The fact that singular value decomposition (SVD) is used in principal component analysis (PCA) and in latent semantic indexing (LSI) has made some (even some “johnnycomeslate-to-IR” assistant professors) to think that PCA is LSI.
The main difference between the two is that in LSI one applies SVD to a term-document matrix, while in PCA one applies SVD to a covariance matrix. So, the starting matrix, A, is different in each case. Consequently, LSI and PCA compute different things.
Now when one looks at the eigenvectors of the V matrix, in LSI these are document vector coordinates, while in PCA these are principal components.
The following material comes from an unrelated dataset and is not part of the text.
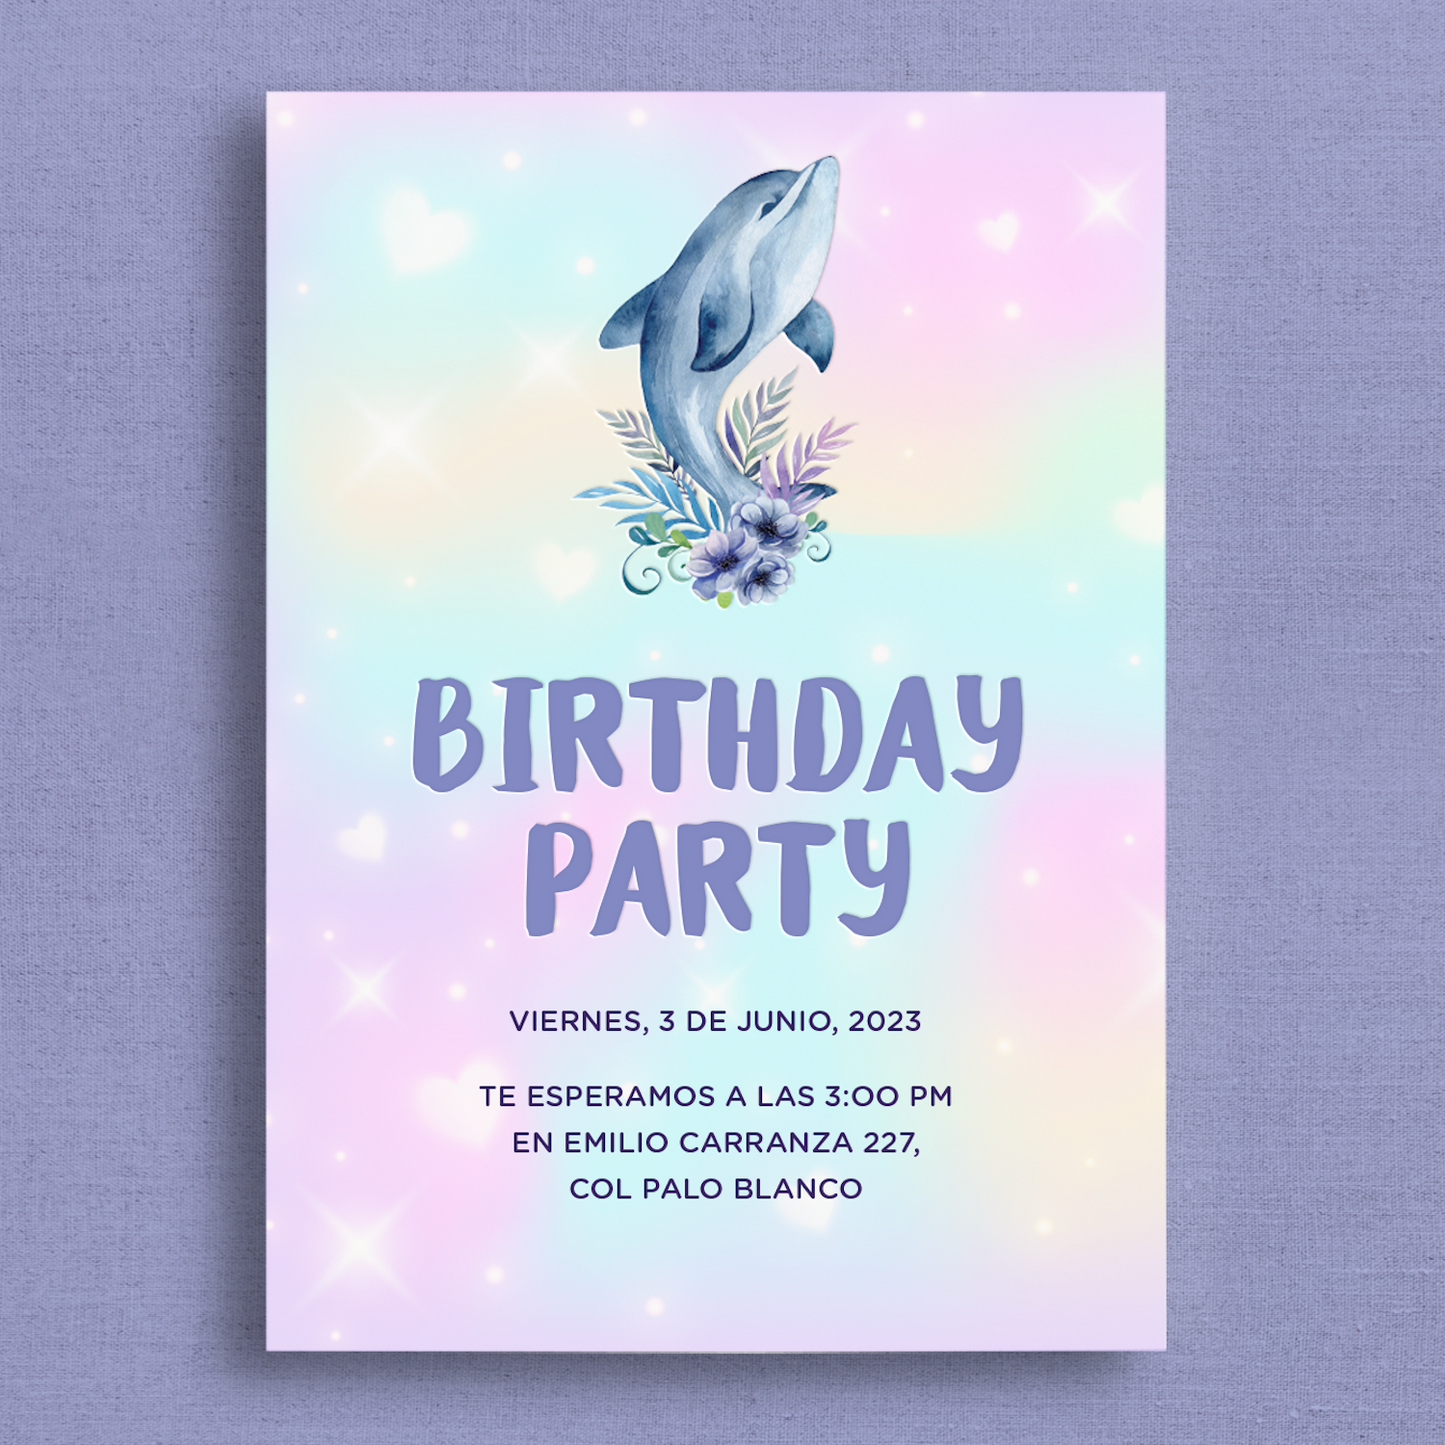 Dolphin birthday party
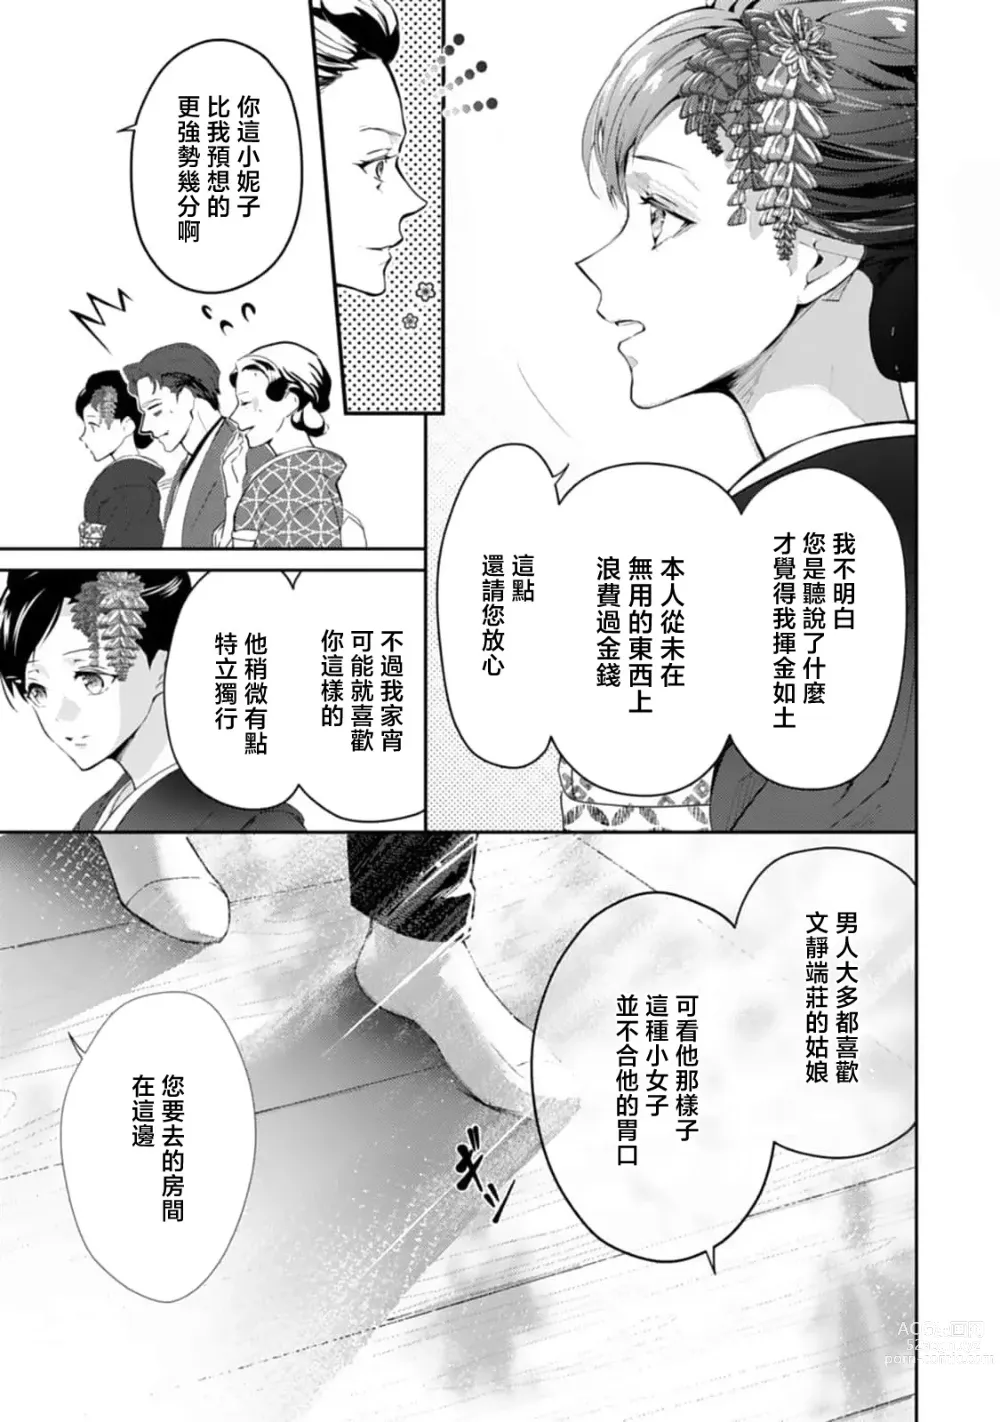 Page 8 of manga 怀旧浪漫谭•替身新娘嫁对制服郎

I remember early this year the presentation given by eminent Professor Michael Trosset at IPAM Document Space Workshop (UCLA), Trading Spaces: Measures of Document Proximity and Methods for Embedding Them. He mentioned the difference between PCA and LSI as follows: LSI finds the best linear subspace, while PCA finds the best affine linear subspace. To find the best affine linear subspace, first translate the feature vectors so that their centroid lies at the origin, then find the best linear subspace.
In the middle of his presentation I raised my hand and asked Prof. Trosset why we need to do this transformation. He mentioned that this is done to convert cosine similarities to Pearson product-moment correlation coefficients.
This is a legacy post originally published in 11/8/2006